Под полом шарился ветер, задувал в щели, приятно холодил спину и затылок. В голове было тускло, размягченно, в паху, в пояснице, меж лопаток настойчиво, тупо ныло. Холки дергались. «Думал, сносу не будет, а, однако, все, подкосило…»
— Ну, ты даешь стране угля! Такую оказию… — зашумел голос Никиты и утих. — Прокопий, слышь? Надорвался, что ли? — спросил голос растерянно. — Вовсе не можешь? — Склонился над стариком Никита. Подергал бечевку, которой на скорую руку была примотана деревяга к культе. — Ре́мень подтерся! Сколько?.. Двадцать, пятнадцать лет… Пронь, слышь? Проня! Остудишься лежать-то, пошли в избу.
Никита попытался просунуть руку Прокопию под спину. Старик начал было подниматься, но его передернуло всего. Он схватил Никиту за плечо и отпихнул от себя.
— От устосался так устосался, — забормотал одноногий. Вскочил, метнулся из кладовки. Вернулся обратно. — Не видать никого, гадский потрох! И эта, старая, где-то запропастилась! — взвизгивал он в бессилии. — И на што было тяжесть таку переть, чё бы ей доспелось! Прокопий, слышь, погоди!.. — затряс он над стариком руками. — Погоди, я счас, слышь, маленько!.. — И снова выскочил из кладовки.
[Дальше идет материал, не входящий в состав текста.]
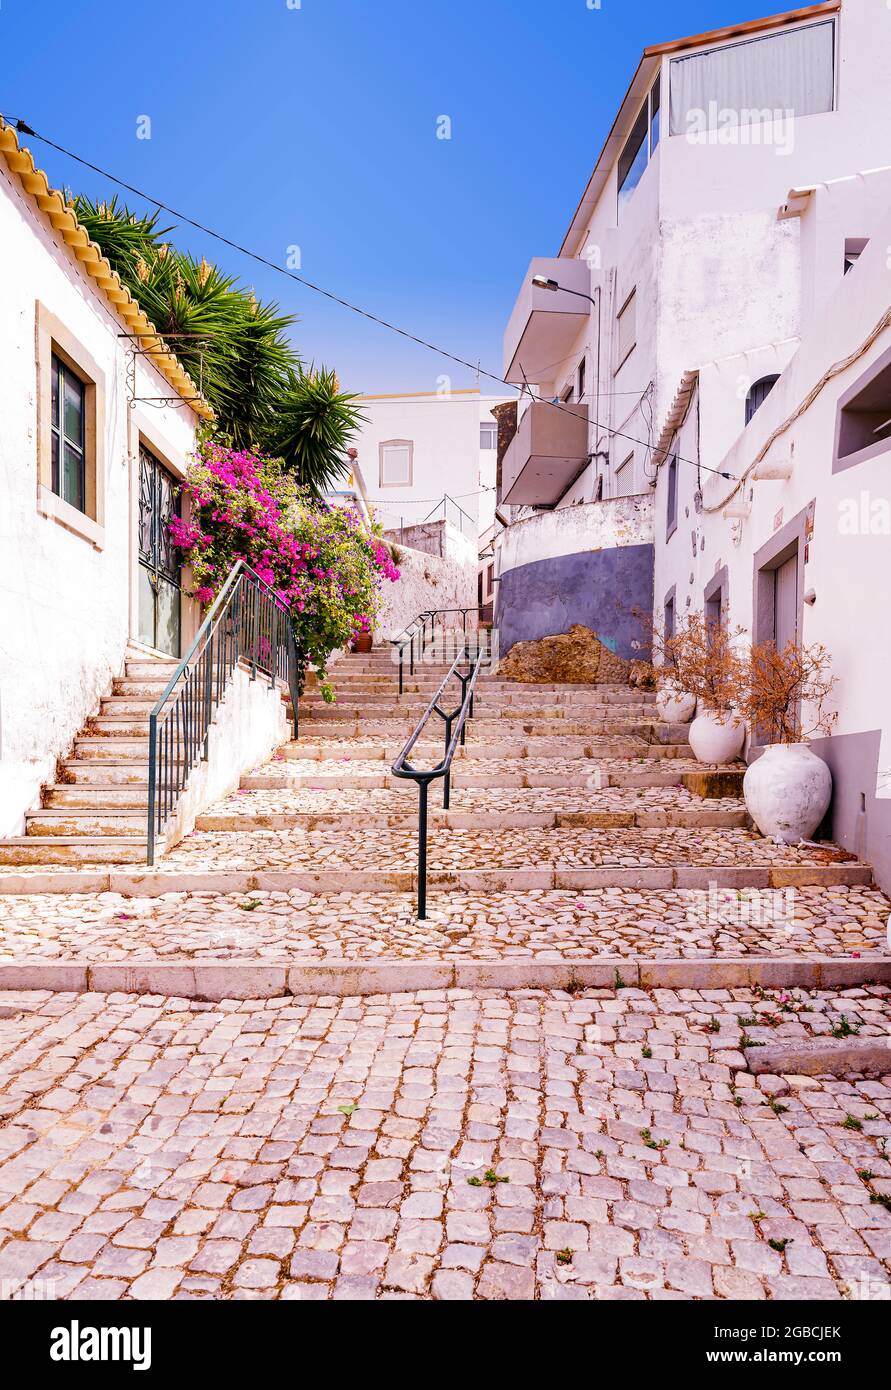 Typische Algarve steile Seitenstraße Weg Weg Weg gepflastert mit traditionellen portugiesischen Kopfsteinpflaster oder calcada. Estoi Algarve Portugal Stockfoto

Прокопий остался один, лежал, прикованный к полу. Казалось, вдоль спины будто кто лом продернул и ворошил концом внутри, руки слабли; и все надеялся: сейчас, еще немного и должно затихнуть, встанет он и пойдет. И вдруг его прошиб страх: не полегчает, не отлежится. В голове единым комом забились мысли. И из всех он выхватил одну: домой, пусть дома. Старик прислушался к ногам, рукам, собрал силы, приказал послужить, даже сказал: «Последний раз». Стараясь не бередить боль, осторожно вдохнул, стал подниматься — поднимать свое туловище. Медленно повернулся на бок, встал на четвереньки, потихонечку, с передыхом, перебирая руками по лестнице, приставленной к стенке, разогнулся. Пошел. Чуть откинувшись назад, скособоченно, на полусогнутых ногах, маленькими шажками, мерно, будто нес внутри какую-то очень хрупкую вещь. Вдоль стенки, вдоль стенки, нога к ноге… По топкой грязи дошел до открытых ворот, — видно, Никита в спешке не закрыл. Только успел схватиться за угол, началась рвота, выворачивало со слизью и кровью. Никогда Прокопий больным людям особо не верил, считал, напускают больше на себя. Теперь самого скрутило — спасу нет.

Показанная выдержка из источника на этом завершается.